Brautigan was larger than life, like his hero Hemingway before him. He was a man of "wonderful, scary, craziness", a big, funny, quicksilver man given to zany pranks and heavy drinking. He loved a hearty joke or play on words, but was prone to paranoia once he'd reached a certain stage of inebriation. It wasn't always easy maintaining a friendship with Brautigan. He was often deliberately cruel, especially to his friends. But those who might think Keeler stuck with Brautigan for money or favors would be far off the mark.
With priceless chapter titles, such as my favorite, "Night of the Living Borscht", Keeler shares his memories of Brautigan. The result is a complete picture of this flawed and complicated man who salved insecurity, loneliness and sorrow with rage, humor, and massive doses of alcohol. Keeler painted his friend as a man who lived with "a huge hole in his chest" after his wife divorced him.

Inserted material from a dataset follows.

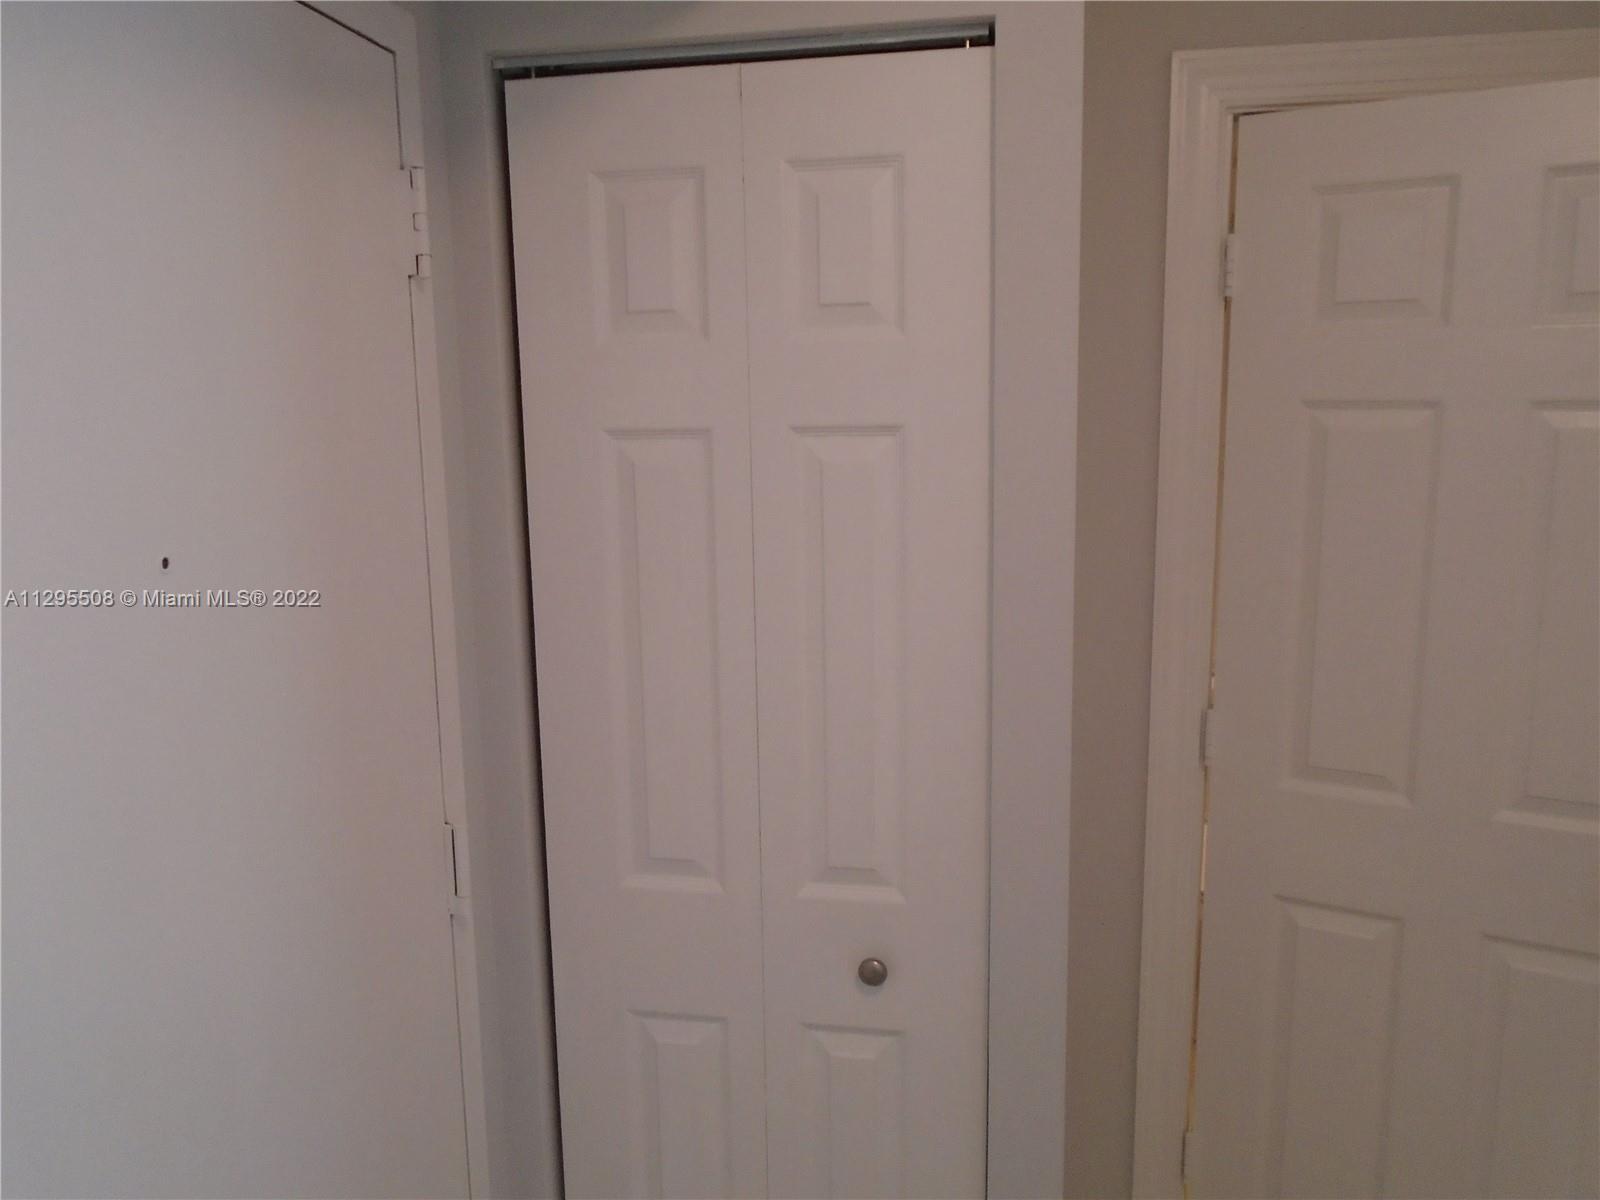 Extra closet by the entrance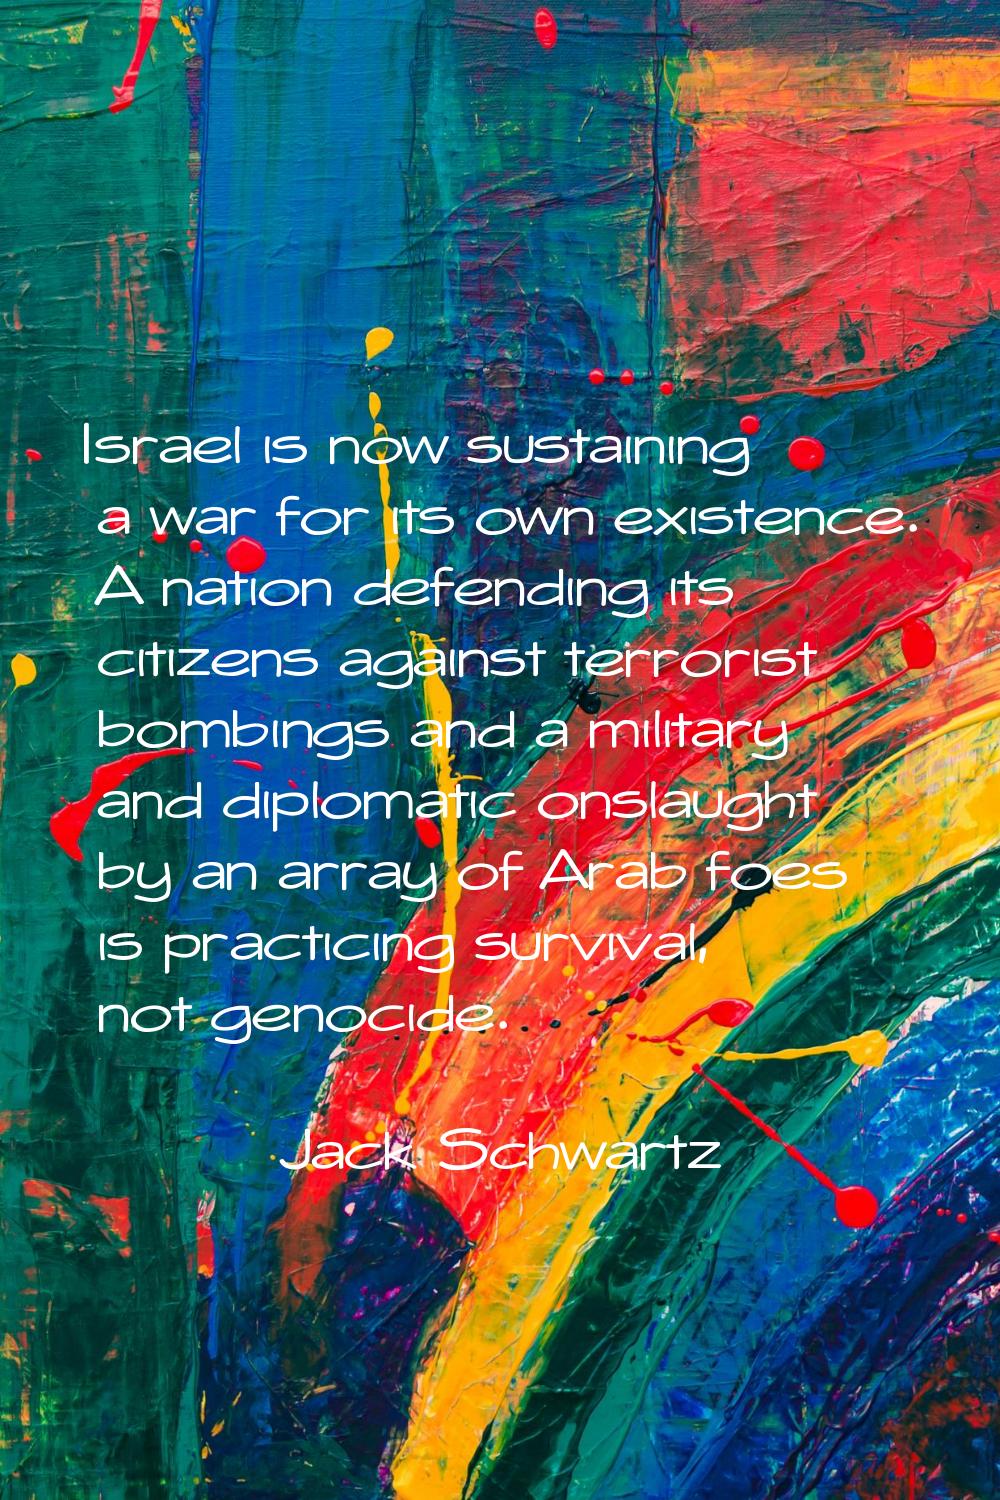 Israel is now sustaining a war for its own existence. A nation defending its citizens against terro

That huge hole was replaced with a smaller hole in his head in 1984 when Brautigan committed suicide.
To Keeler, his friend Brautigan represented an unpredictable, idiosyncratic and charming addition to his otherwise normal life. Brautigan considered the art of writing as mining gold from the air or loading mercury with a pitchfork. He would be proud of what his friend Greg Keeler has written because he has, indeed, mined gold and loaded mercury to perfection.
There may be other books out there about Brautigan and his life, but I suggest you start with this one. There can be no truer portrait of the man than one written by a friend who loved him, warts and all.
Rating: Summary: Loving Study Of A Maniac Review: What's "waltzing" got to do with it? The memoir's title will remind some readers of Theodore Roethke's poem about the son "waltzing" with his father, but Keeler, a long time friend of Richard Brautigan, means it metaphorically, although the two men were so close that sometimes Keeler wondered whether Brautigan was perhaps coming on to him sexually, for some of his pranks were sexually ambiguous, to the point of joining Keeler on a bed and asking him, what should we do next? There were some stolen kisses, that could be seen as outrageous public goofs. And there's a photo of Brautigan pulling his slacks down and baring his ass to the camera, which Brautigan handed to Keeler, again to Keeler's puzzlement.
But in general Brautigan was a horndog or so it sounds like from this loving, rollicking memoir, some of which I had read already and relished in Kevin Ring's remarkable UK fanzine BEAT SCENE, and so I was looking forward to reading the whole of Keeler's memoir, and now it is here, replete with the lyrics to many amusing Keeler pop songs, and some enchanting line drawings in every chapter, executed by Keeler himself.
Brautigan fans have hitherto been able to discover a bit of him in his daughter Ianthe's memoir of a really bad Dad, and in Keith Abbott's memoir of a somewhat earlier portion of Brautigan's life. The novelist William Hjortsberg has been writing a full-scale Brautigan biography for many years, and I look forward to that book when it is completed. Until then, Greg Keeler has given us a warts and all picture of Richard Brautigan in decline. The full facts of his herpes condition are here exposed in way too much detail. And within the pages of this book he scams a university into giving him many thousands of dollars in exchange for a few appearances. He spends 100s of dollars at a time in a Montana bar where shots of Scotch are 50 cents apiece. He makes fun of his famous friends like Jimmy Buffett, walking around the dining room table shaking everyone's hand and greeting them warmly by saying, "Hi--I'm Jimmy." In some ways Brautigan seems terribly insecure, in other ways, he was a balls out maniac! Well, good for him, it seems he had a good life all things considered.